In β sheets, however, hydrogen bonding occurs between neighboring polypeptide chains rather than within the same polypeptide, as in the case of an α helix. Sheets exist in two forms. The first, the antiparallel β sheet, has neighboring hydrogen-bonded polypeptide chains running in opposite directions—i.e., one polypeptide chain starts from the terminal carboxylic group and ends at the terminal amino group, left to right, while the other polypeptide chain starts from the terminal amino group and ends at the terminal carboxylic group, left to right. The second form, the parallel β sheet, has hydrogen-bonded chains extending in the same direction. You can see the two forms in the cartoons below.

Tertiary structure: When several secondary structures come together, tertiary structures are formed. In tertiary structures, in addition to hydrogen bonding, amino acid side chains of the various secondary structures start interacting with each other in a number of ways. These interactions include hydrophobic interactions, ionic interactions, and disulfide bonds as illustrated below.

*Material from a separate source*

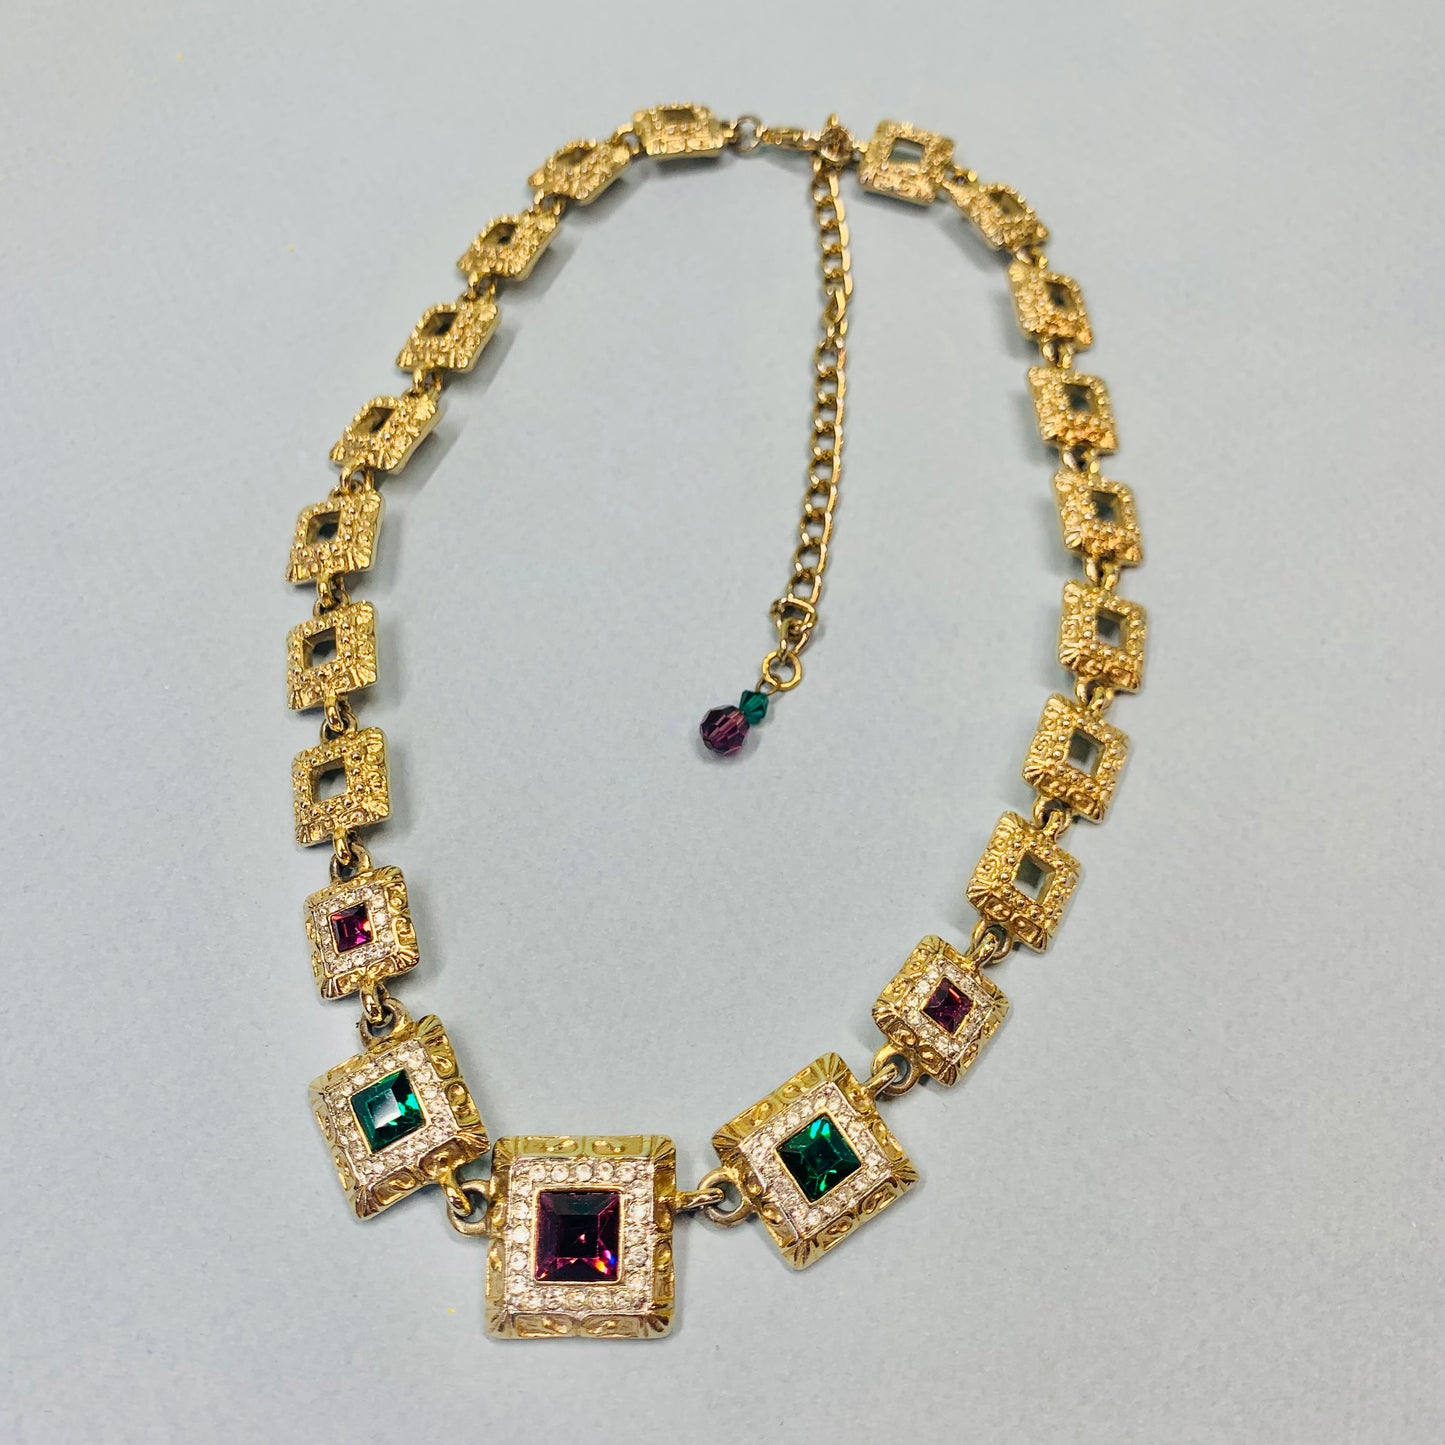 Extremely rare 1950s gold plated colour gem necklace in the tutti fruitti style

Quaternary structure: When several tertiary structures come together, a quaternary protein structure is formed. For example, hemoglobin is a functional quaternary protein formed by the coming together of four tertiary structures, called globin proteins. The same forces of interactions operate in a quaternary structure as operate in a tertiary structure.

In summary, the primary structure of a protein simply refers to the linear polypeptide with its amino acid sequence. The secondary structure is the folded version of the linear polypeptide stabilized by hydrogen bonding. The tertiary structure is formed by the coming together of several secondary structures that are held together by various types of interactions, and finally a quaternary structure is formed by the combination of several tertiary structures, again held together via different types of interactions.